NRMSE of principal (major (a) and minor (b)) and polar (circumferential (c) and radial (d)) strains elastograms computed for heterogeneous vessels with varying cap thickness, morphology, and mechanical behavior.
Figure 8 shows bar plots of NRMSE of the elastograms shown in Fig. 3–6. The accuracy of the principal major elastograms varied from 7–14%; whereas the accuracy of the circumferential elastograms varied from 7–17%. Both techniques performed similarly because we used the same information (normal and shear strains) to compute principal and polar strains, and because precise location of the vessels were used to compute polar strain elastograms.

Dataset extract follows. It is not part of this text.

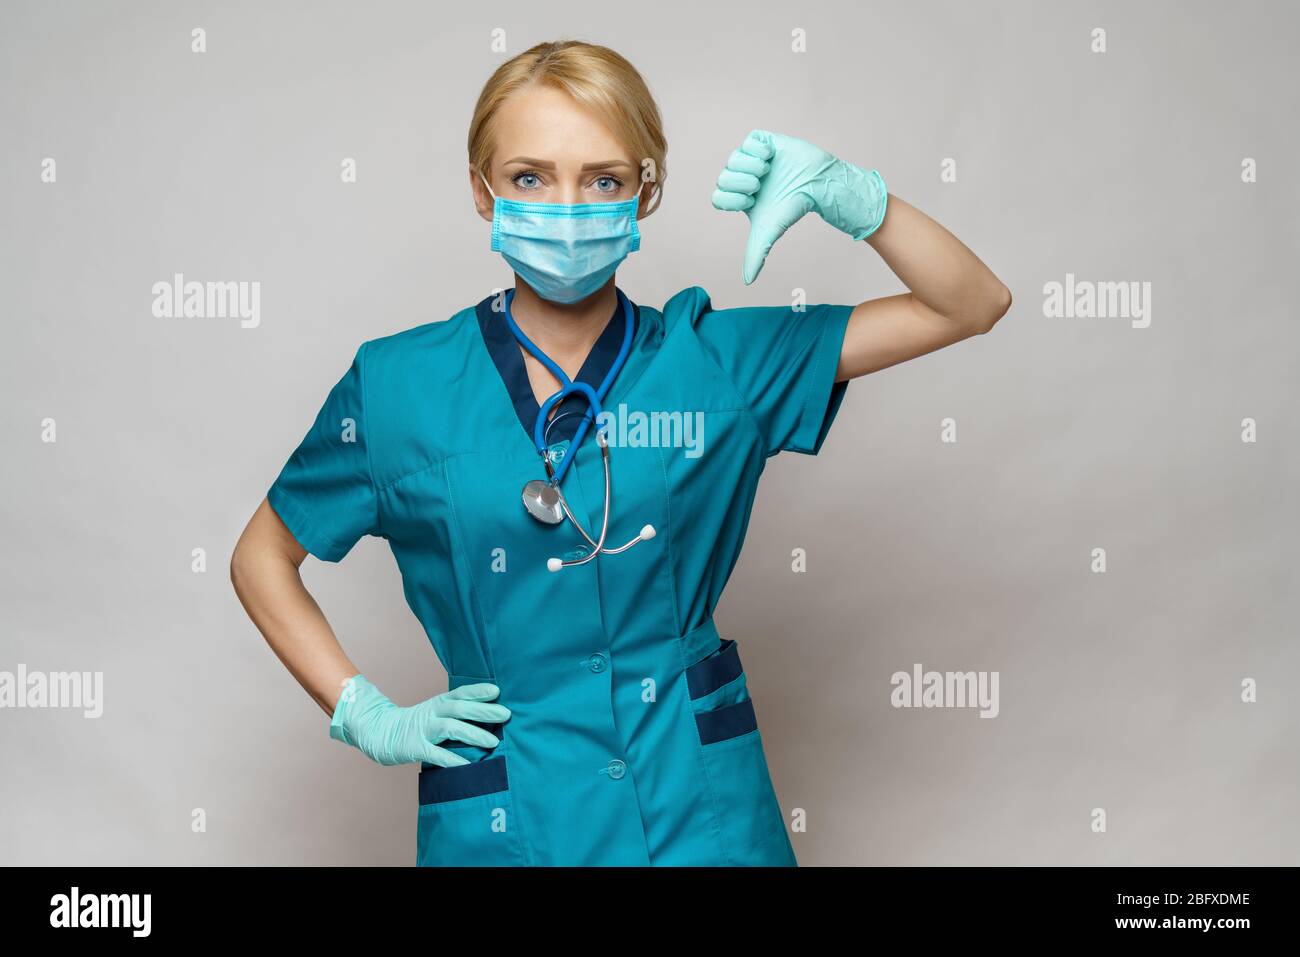 amateur nurse costume

Figure 9 shows bar plots of the CNRe computed from the elastograms shown in Figs 3–6. CNRe of the principal strain elastograms were similar to those obtained from polar strain elastograms.
Figure 9.
CNRe of principal (major (a) and minor (b)) and polar (circumferential (c) and radial (d)) strains elastograms shown in Figs 3–6. Showing how CNRe (dB) varies with cap thickness, and mechanical behavior.
Patient studies
Table 5 summarizes the patient characteristics. Pulse pressure varied considerably between the 10 volunteers, which could be more related to when the measurements were made rather than any physiological reason. Specifically, pressure measurements were made during the pre-screening stage for all volunteers, which was done an hour before elastographic imaging. We plan to measure pulse pressure before and after elastographic imaging in future studies. Figure 10 shows representative examples of strain elastograms obtained from five healthy volunteers. Elastograms obtained from all 10 volunteers displayed a similar trend. As in the simulation studies, principal major (Fig 10 (b) and circumferential (Fig. 10 (c) strain elastograms were comparable. Similarly, principal minor (Fig. 10 (d) and radial (Fig. 10 (e) strain elastograms were equivalent. This occurred because in this case, fitting a circle to points manually selected on the vessel wall provided a good estimate of the lumen’s center. There was poor symmetry between principal major and minor elastograms, which suggests the vessels were transversely anisotropic. Similarly, circumferential and radial strains were asymmetric. Since the magnitude of radial strains were larger than circumferential strains, this suggests that either the Young’s modulus or Poisson’s ratio in the circumferential direction was different from that in the radial direction–a behavior consistent with transversely isotropic vessels. Although these results are encouraging, we plan to conduct further studies with ex vivo tissue samples and histological analysis to validate our in vivo findings.
Table 5.
Summary of patient characteristics.
| Patient Index |
Sex | Age | BMI | Pulse Pressure (mmHg) |
Smoker | Heart Diseases |
Family Heart Diseases |
|---|---|---|---|---|---|---|---|
| 1 | Male | 64 | 26.51 | 44 | No | No | No |
| 2 | Female | 55 | 23.67 | 60 | No | No | Yes |
| 3 | Male | 52 | 32.85 | 48 | No | No | Yes |
| 4 | Female | 54 | 26.39 | 32 | No | No | No |
| 5 | Male | 70 | 29.52 | 54 | Yes | No | No |
| 6 | Female | 53 | 22.95 | 44 | No | No | Yes |
| 7 | Male | 61 | 32.75 | 44 | No | No | Yes |
| 8 | Male | 56 | 28.02 | 50 | Yes | No | Yes |
| 9 | Female | 65 | 22.80 | 56 | No | No | Yes |
| 10 | Male | 58 | 26.34 | 48 | No | No | Yes |
Figure 10.
Montage of sonograms (a), principal major (b) and circumferential strain elastograms (c), principal minor (d) and radial strain elastograms (e) obtained from five female volunteers. The elastograms represent the mean strains computed over three cardiac cycles.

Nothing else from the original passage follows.